“你們說這些有的沒的做什么?二郎來得正好,嫂嫂問你,現在手下有多少兵?”
王氏的話打斷了郭信的思索,目光向著這位一直不太安分的大嫂打量過去,見王氏的身材依然豐腴,絲毫沒看出有受苦的樣子,甚至身上某些曲線還更圓潤了些。
再盯著看下去就太過分了,郭信也確實許久沒碰女人,上一回還是數月前在青州被他“幽禁”的劉銖女兒四娘。
“阿父剛任我做京城巡檢使,嫂嫂有什么差遣吩咐?”
“我父當初以巡視河道漕運離京避禍,如今大軍進城了還不見音信,想來不在北邊,多半是去了南邊許州族親處躲避,煩二郎派些人去尋找,不然我心里如何也放心不下。”
“這事好辦,待我入內拜見了母親,就差人去請王使相回京。”
郭信說罷向旁邊瞧了一眼,兄長的臉色似乎更難看了。
郭侗:“如此也好,我先帶意哥兒去拜見母親。意哥兒還不知道,母親這兩日都臥在床上,正病得厲害。”
“有勞二郎了。”王氏狠狠剜了郭侗一眼,向郭信道了一聲謝便揚長而去。
郭信辭別王氏,兄弟二人回頭往張氏居住的院子走,郭侗一路欲又止,許久才低聲說道:“你嫂嫂做事時常不分輕重緩急,但到底是一家人了,關鍵時候還是會向著自家的。”
“嗯。”郭信沒什么別的話好講,但內心覺得王氏欲望太強,家中有這樣一個喜歡爭權的婦人,總不是好事。

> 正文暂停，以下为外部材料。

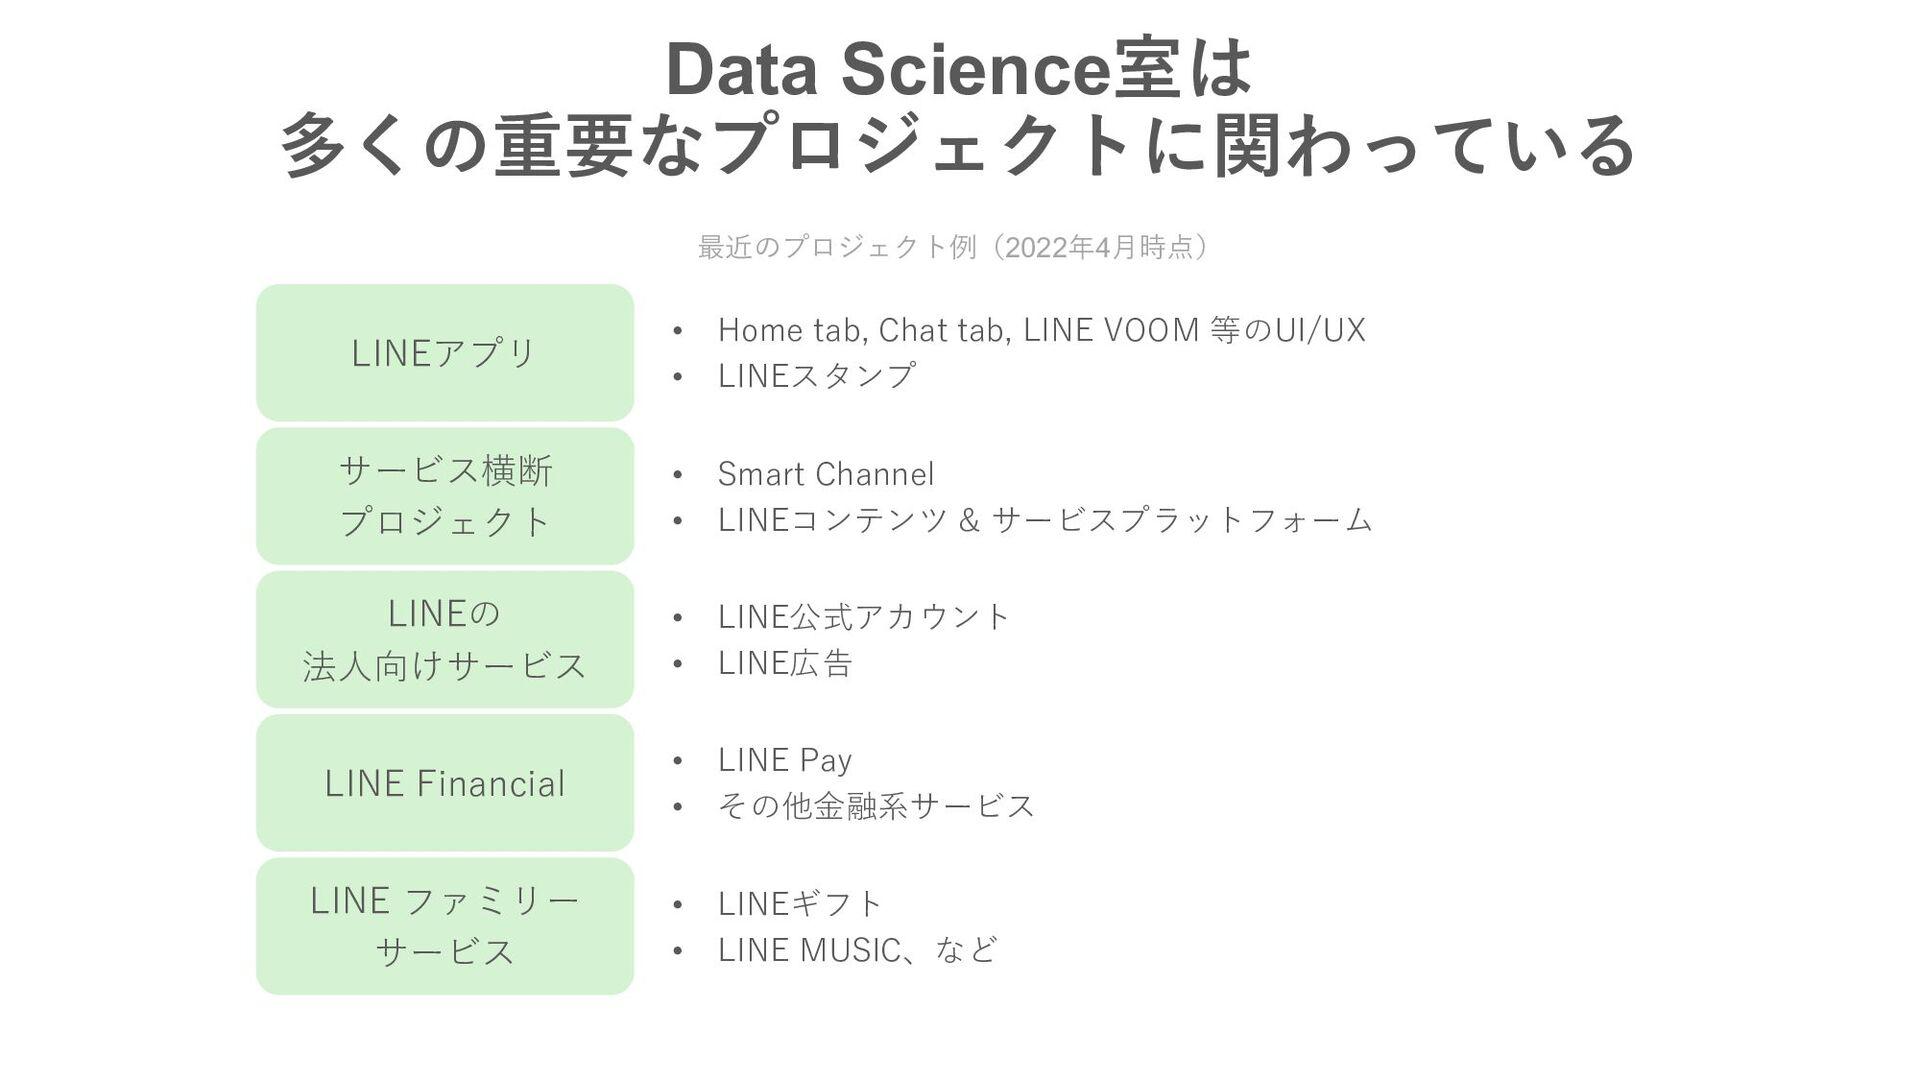 DATA SCIENCE室の業務の概要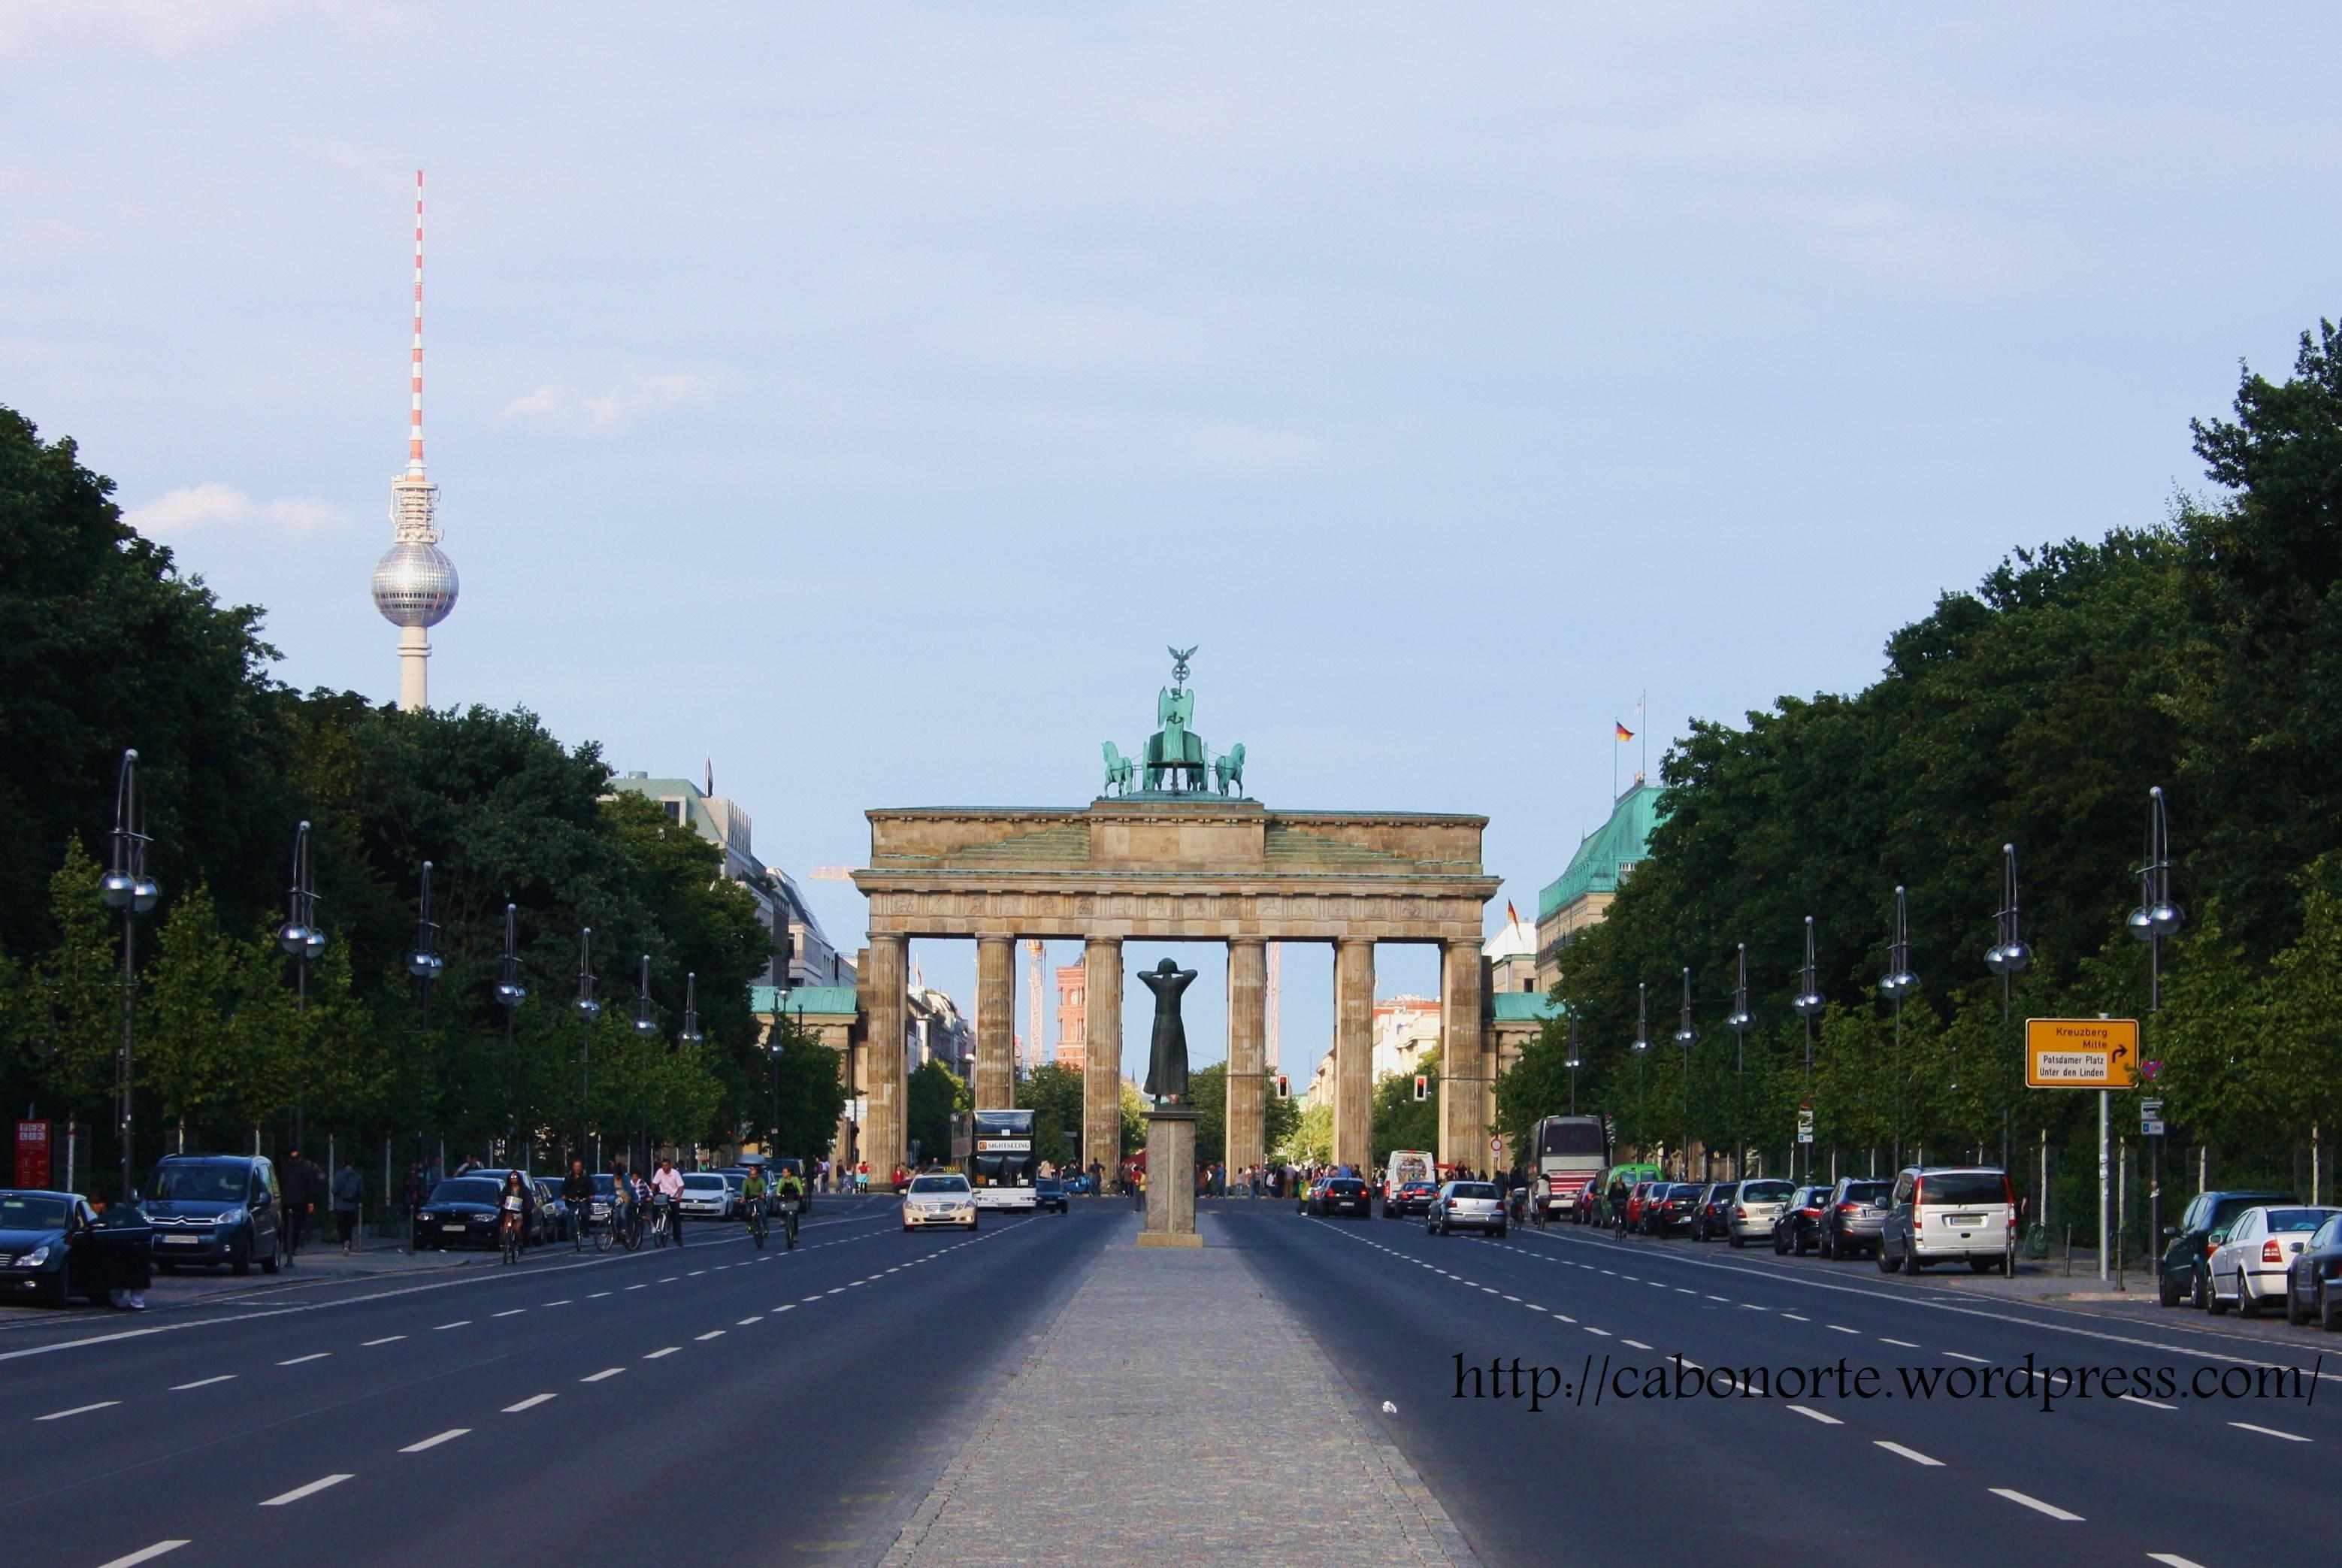 The Branderburg Gate

郭信入內見到張氏時,張氏躺在看起來是剛收拾出來的臥榻上,家中沒有女仆,正在一旁照顧他的是郭榮之妻劉氏。
“孩兒來晚了。”
郭信上前在臥榻前行了拜禮,又很恭敬地向大嫂劉氏行禮。
郭侗上前,在臥榻邊很輕聲的道了一聲:“阿父已經入城,二郎也回來了,阿母不必擔心了。”
臥榻上沒有反應。
郭信從地上疑惑地抬起頭來,劉氏道:“老夫人這兩日不能語,二郎過來說話吧。”
劉氏一邊為郭信讓出位置,一邊輕聲解釋道:“本來還好,每天還能念幾個時辰的經呢,誰知道昨兩日城外打起仗來,老夫人就開始做夢,說甚么惡鬼都在夢里找她還命,我們勸不了,后來連話都說不出口了,好在今早醫者來看過,說只是受驚,過幾天就該自個兒好了。”
郭侗:“城中殺戮太多,阿母身弱,昨天夜間咱們坐車回來,一路上全是哭聲慘叫,興許也是被殺氣沖撞了。”
郭信伏在榻邊,果然張氏濕潤而腫脹的眼睛睜著,只是沒有說話,見郭信湊近了,張氏緩緩向他伸出一支手,郭信取下保暖的貂帽,跪在床邊,將身子伏得更低、離阿母更近,任由她軟而無力的手掌在他的頭和臉上摩挲。
“阿母不用再擔心什么,現在不僅我們一家人仰仗阿父,整個東京、中原的人,甚至很快天下就會有更多的人要奉阿父為主,不會再有什么災禍了。”